By Jojo Riñoza
China has agreed to donate millions of dollars in military and construction equipment to the Philippine government despite a bitter dispute over the South China Sea, officials said Wednesday.
A large part of the donation worth about 1 billion Philippine pesos will be for equipment to rebuild the southern city of Marawi, which was destroyed during a five-month battle in 2017 between militants linked to the Islamic State and government forces.
“Even as a non-traditional partner, China paid special attention to Marawi at the height of the rebellion in 2017 by providing 370 million pesos [U.S. $7.2 million] worth of firearms and ammunition,” Philippine Defense Secretary Delfin Lorenzana said in a statement.
The first batch of the donation, valued at about 612 million pesos ($11.9 million), arrived here last month in the form of military equipment including drone systems, detectors, water purification vehicles, ambulances, firetrucks, x-ray machines, explosive-ordinance disposal robots, bomb disposal suits and transport vehicles.
More than five years after the battle ended, Marawi is still littered with unexploded ordnance left over from that fighting. The batch included engineering equipment such as backhoes, dump trucks, forklifts and earthmovers, Lorenzana’s office said.
“This military grant from China speaks volumes on how our two nations can be civil, diplomatic and friends despite some issues on territorial claims,” said Lorenzana, who officially received the equipment from Chinese Ambassador Huang Xilian at Camp Aguinaldo in Metro Manila.
The ambassador did not release any statement about the handover, according to Lorenzana.
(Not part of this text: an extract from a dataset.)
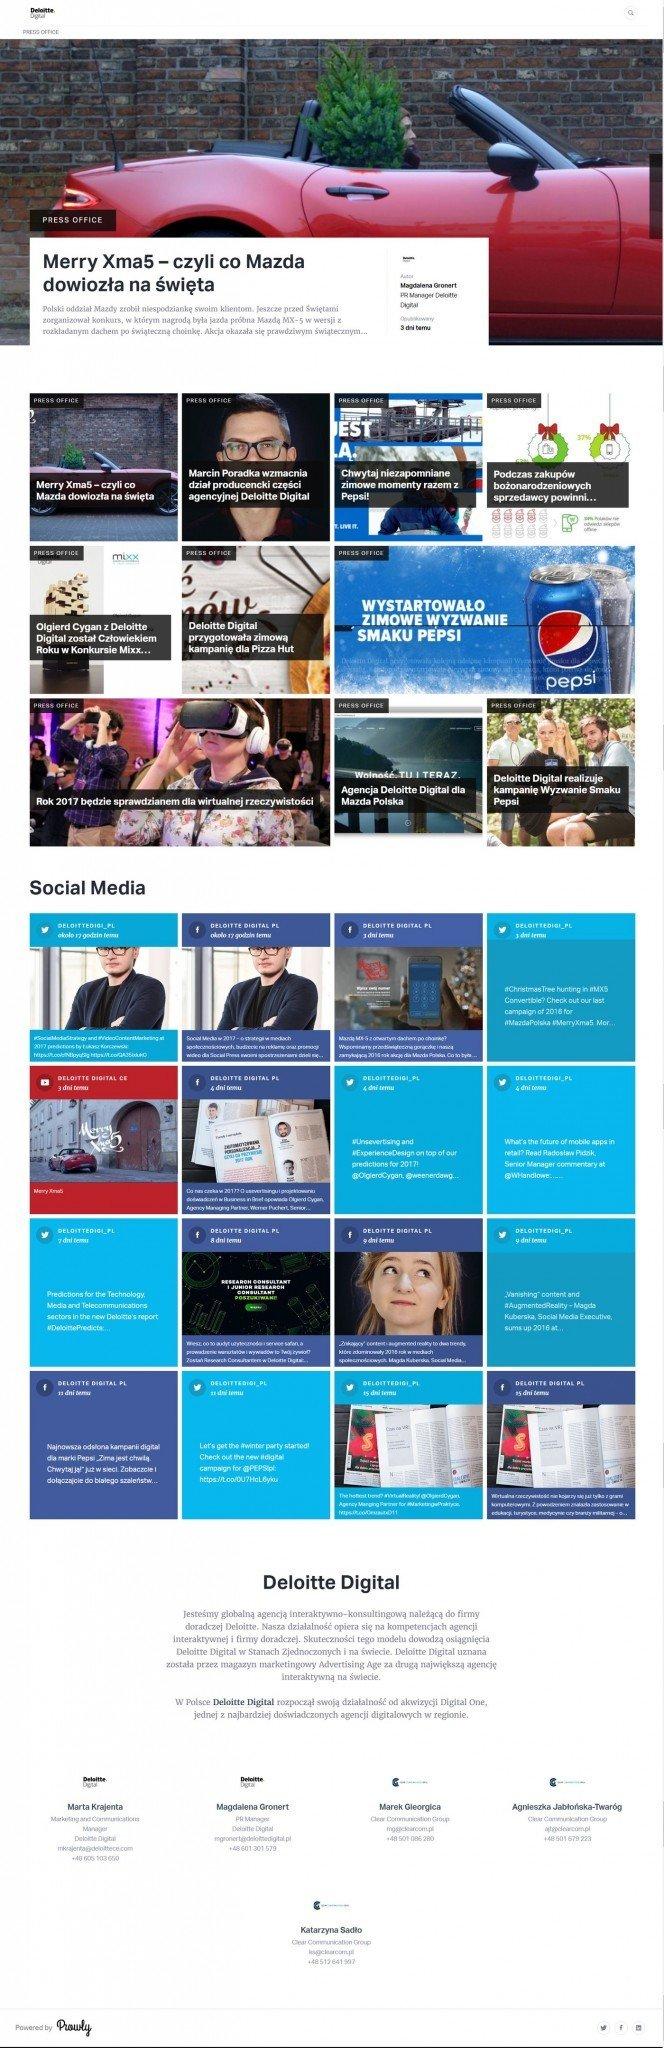 Deloitte-Digital-CE-Press-Office-m.jpg
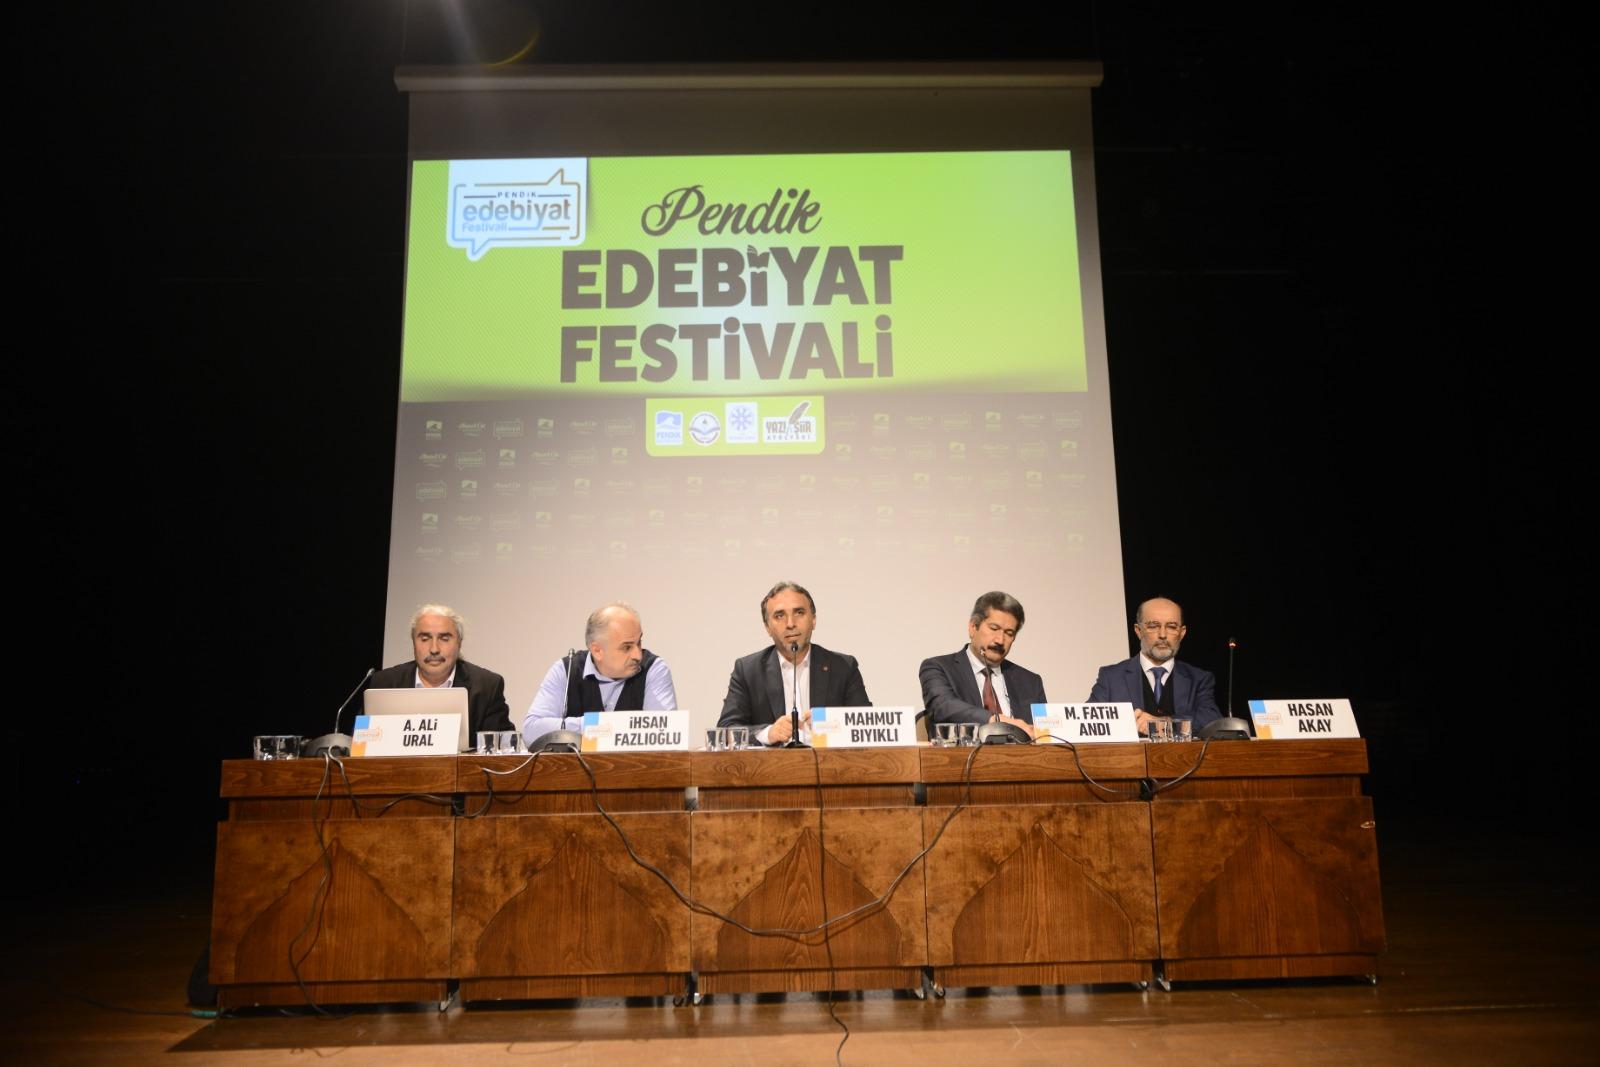 Pendik Edebiyat Festivali Başladı

A second batch of equipment, valued at 435 million pesos ($8.4 million), was expected to arrive later in the year. Officials did not release details about what equipment would be included.
The Philippines, China, Vietnam, Malaysia, Brunei and Taiwan are locked in territorial disputes over resource-rich island-chains, islets and other features in the South China Sea.
An international court ruling that came out shortly after President Rodrigo Duterte took office in 2016 supported Manila’s territorial claims, but Beijing has not acknowledged it. Duterte, whose six-year term ends after the May 9 general election, decided on a different tack and worked to repair bilateral ties.
Duterte has repeatedly said that the Philippines would stand no chance if war with China broke out over the South China Sea. In addition, he profusely thanked Beijing for sending COVID-19 vaccines to the Philippines.
But, facing pressure from allies and opposition members, Duterte told the United Nations General Assembly in September 2020 that he supported the ruling by the International Court of Arbitration in The Hague.
“The award is now part of international law, beyond compromise and beyond the reach of passing governments to dilute, diminish or abandon,” Duterte said in a speech to the U.N. at the time. “We firmly reject attempts to undermine it.”